ABOUT THIS TASK: Copy the lines below as they are; omit the images they contain.

INPUT DATA:
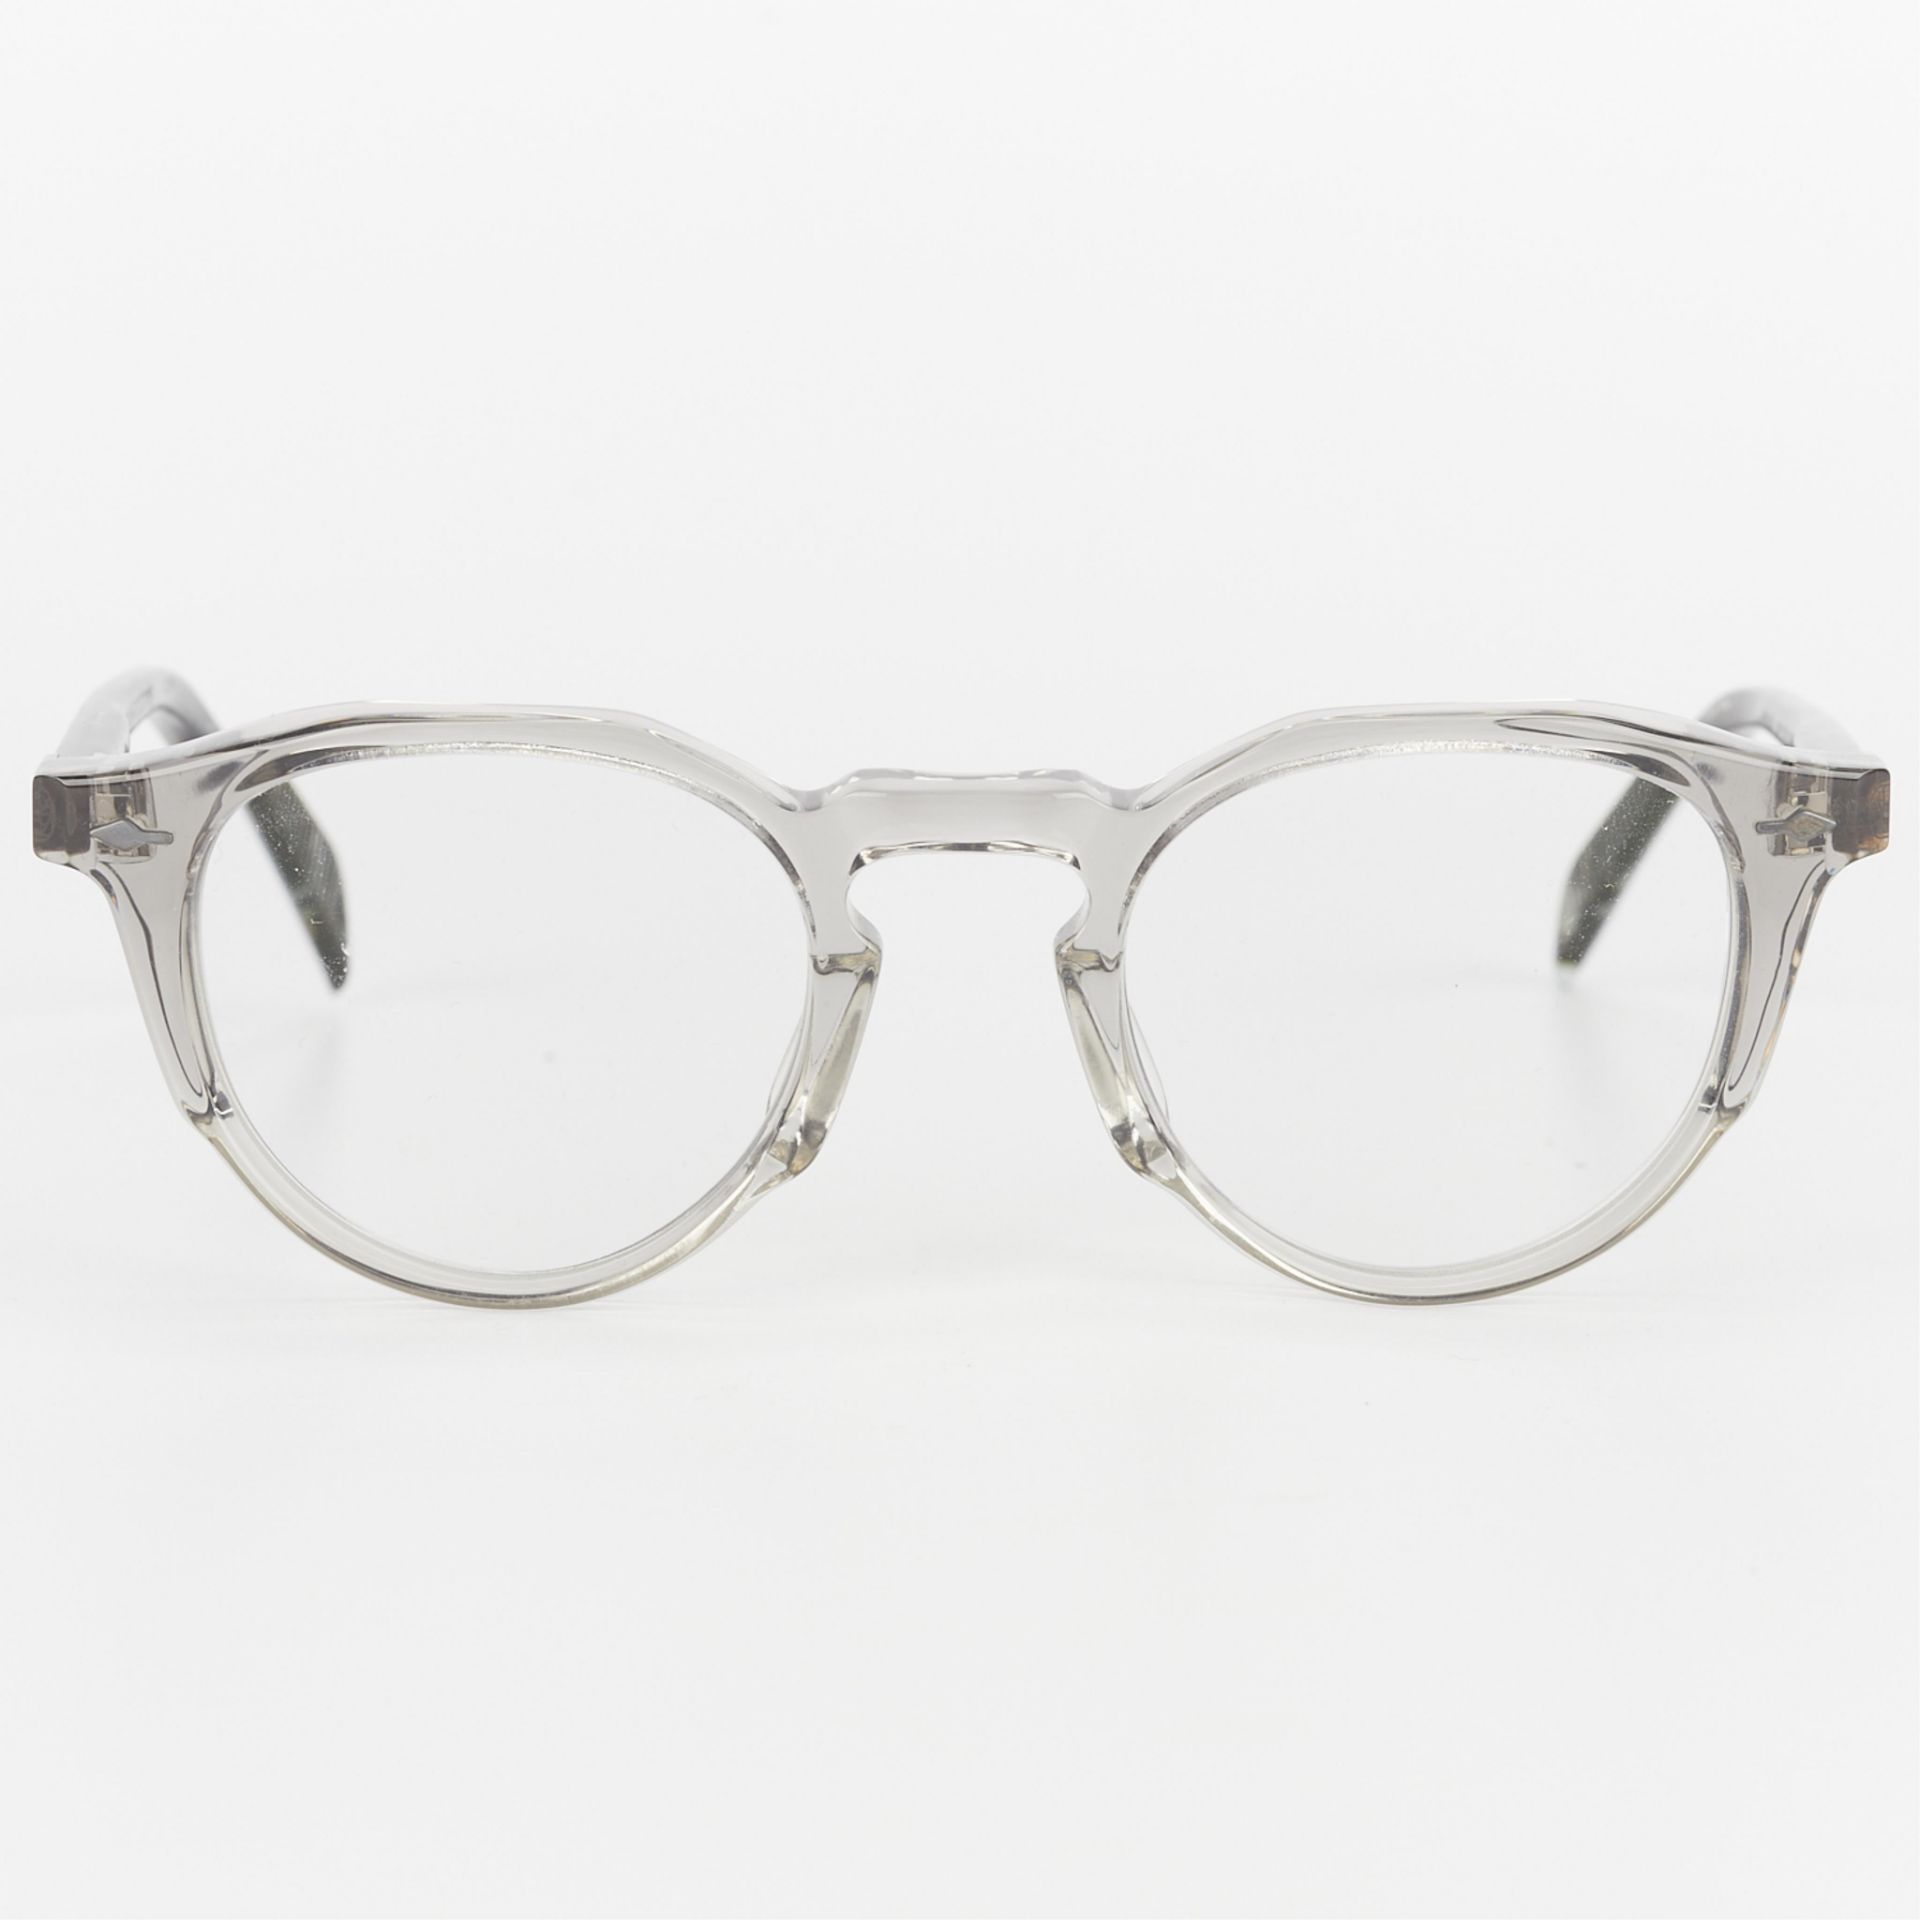 Grp 2 Jacques Marie Mage Eyeglasses - Image 2 of 18
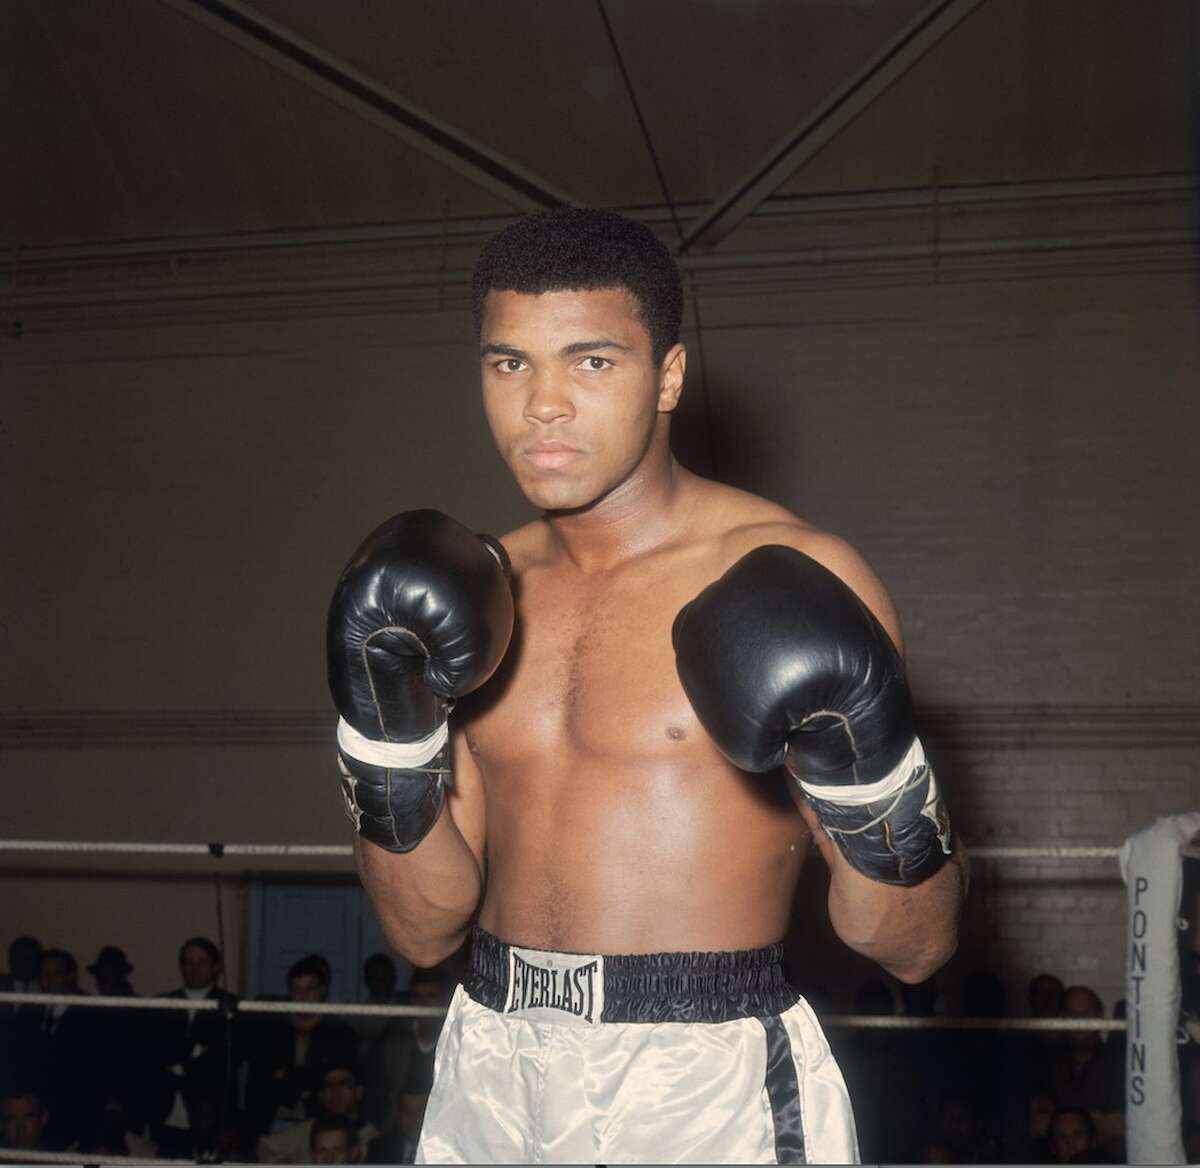 In 1965, Cassius Clay changed his name to Muhammad Ali. The Ridgefield Playhouse will screen “Muhammad Ali: The Whole Story” Sunday, July 10, thanks to the Emmy Award-winning husband-and-wife documentary team of Sandra and Joseph Consentino.
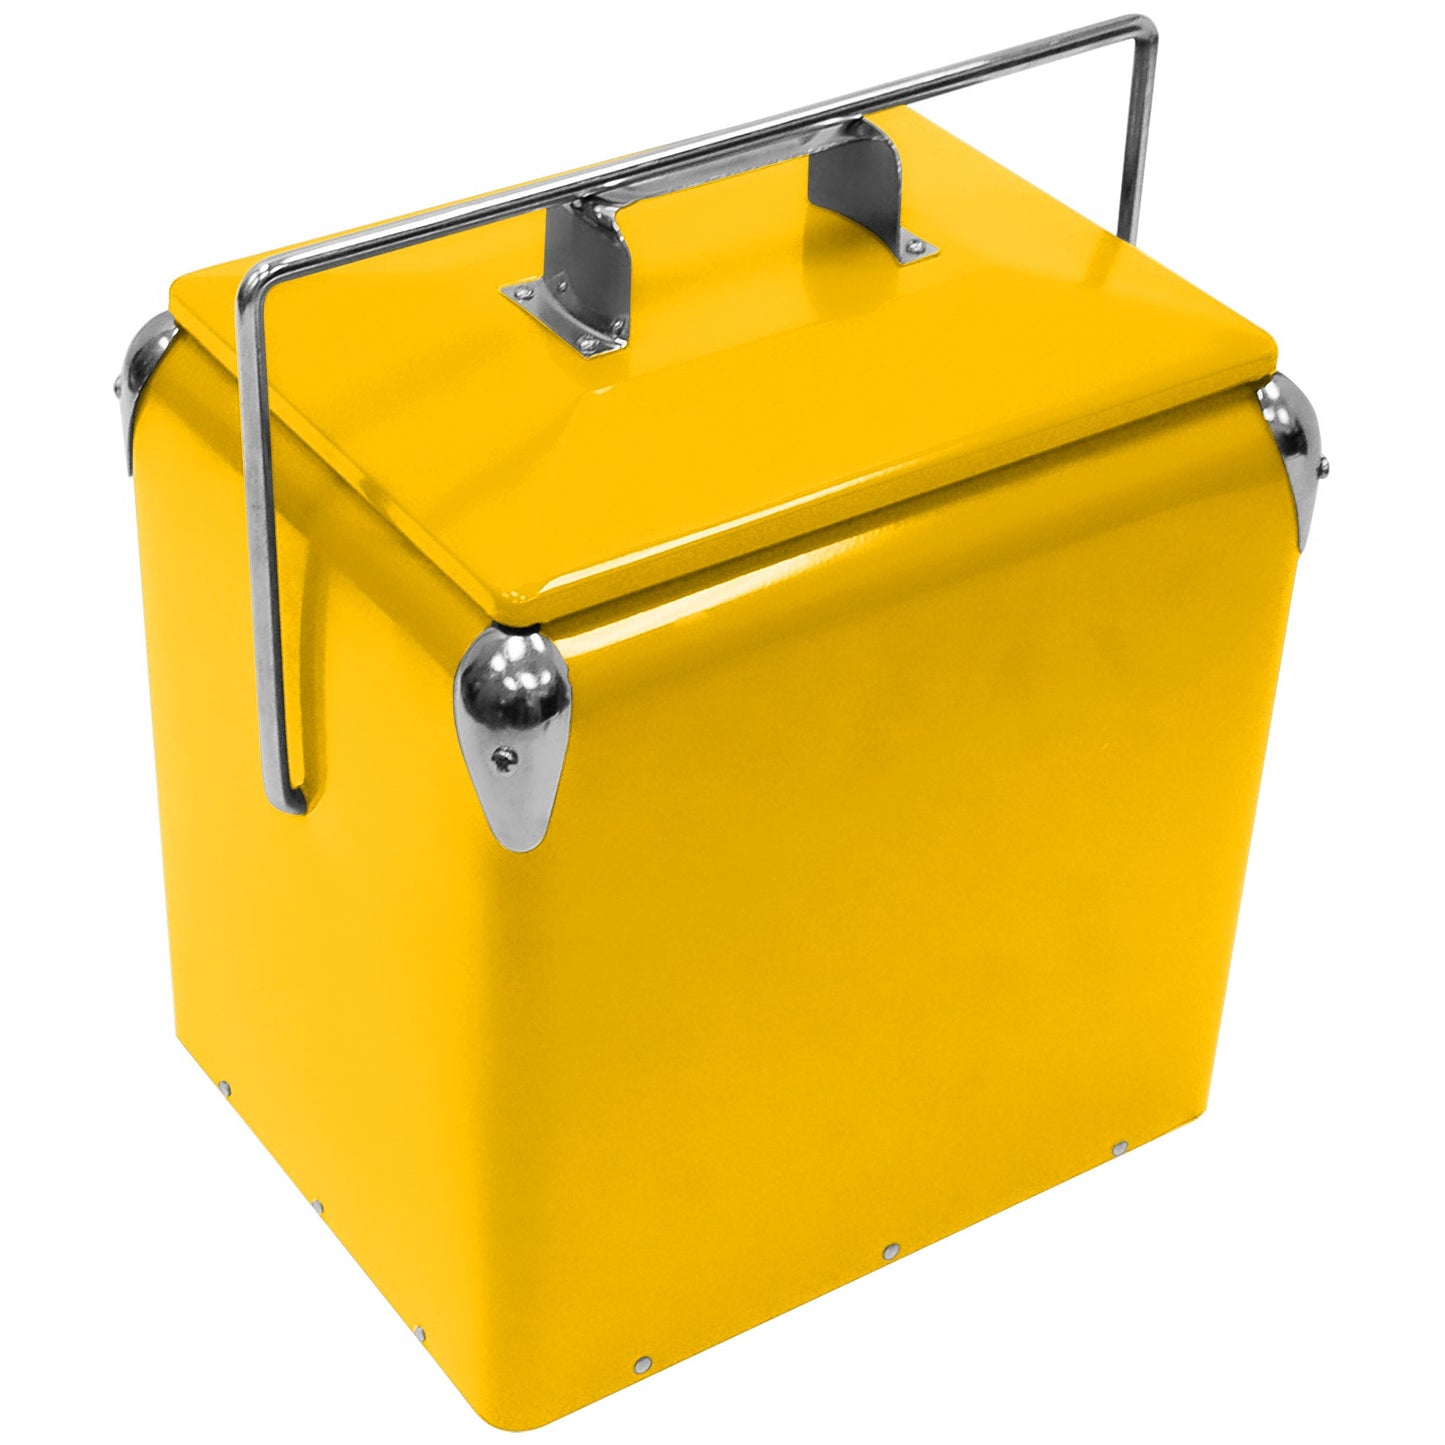 retro-legacy-cooler-in-yellow
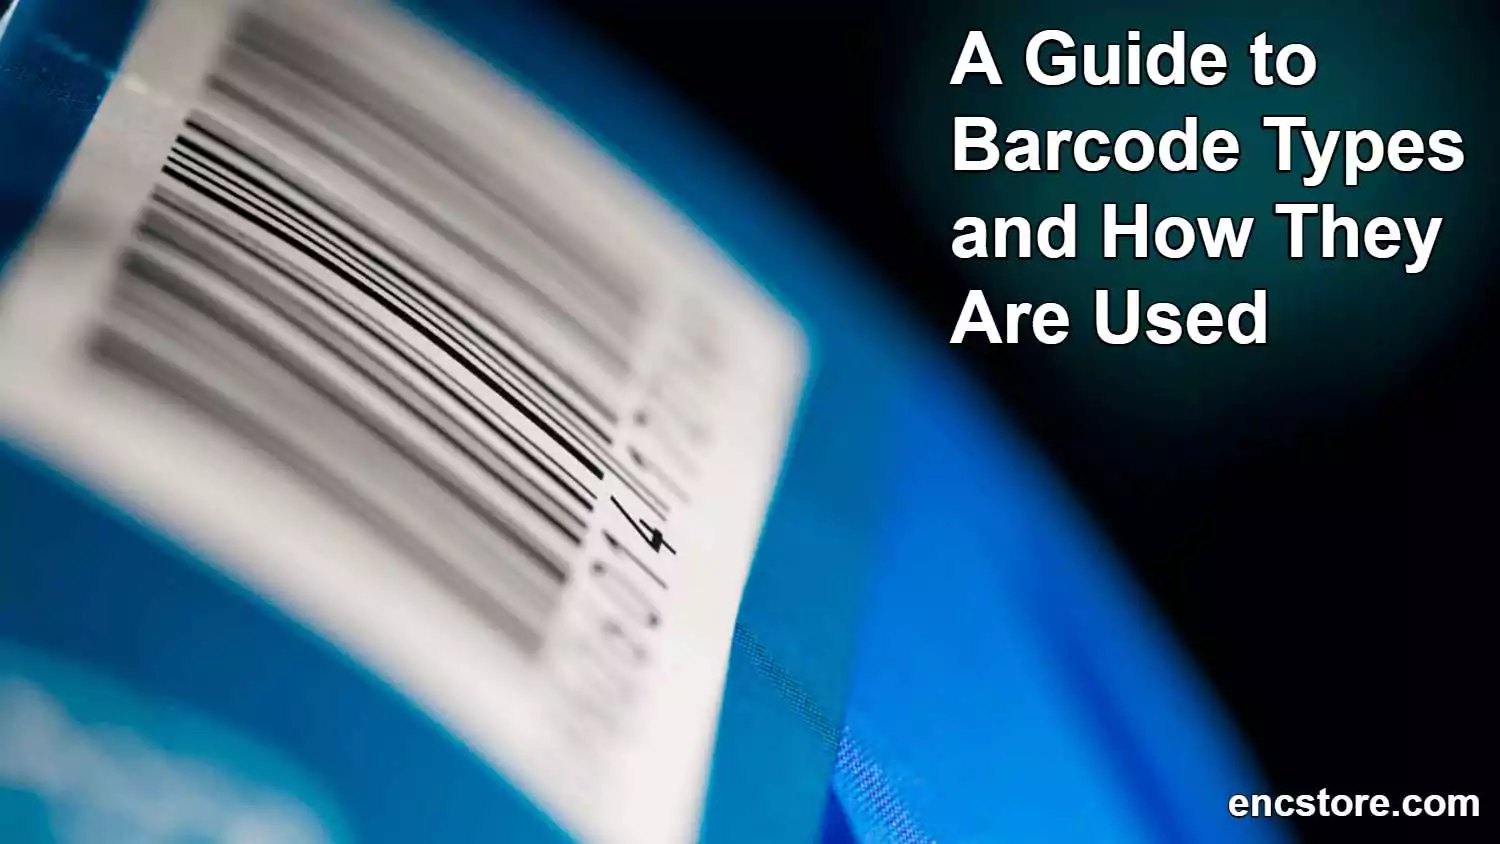 A Guide to Barcode Types and How They Are Used

REPLY:
 Grp 2 Jacques Marie Mage Eyeglasses - Image 2 of 18
 In 1965, Cassius Clay changed his name to Muhammad Ali. The Ridgefield Playhouse will screen “Muhammad Ali: The Whole Story” Sunday, July 10, thanks to the Emmy Award-winning husband-and-wife documentary team of Sandra and Joseph Consentino.
 retro-legacy-cooler-in-yellow
 A Guide to Barcode Types and How They Are Used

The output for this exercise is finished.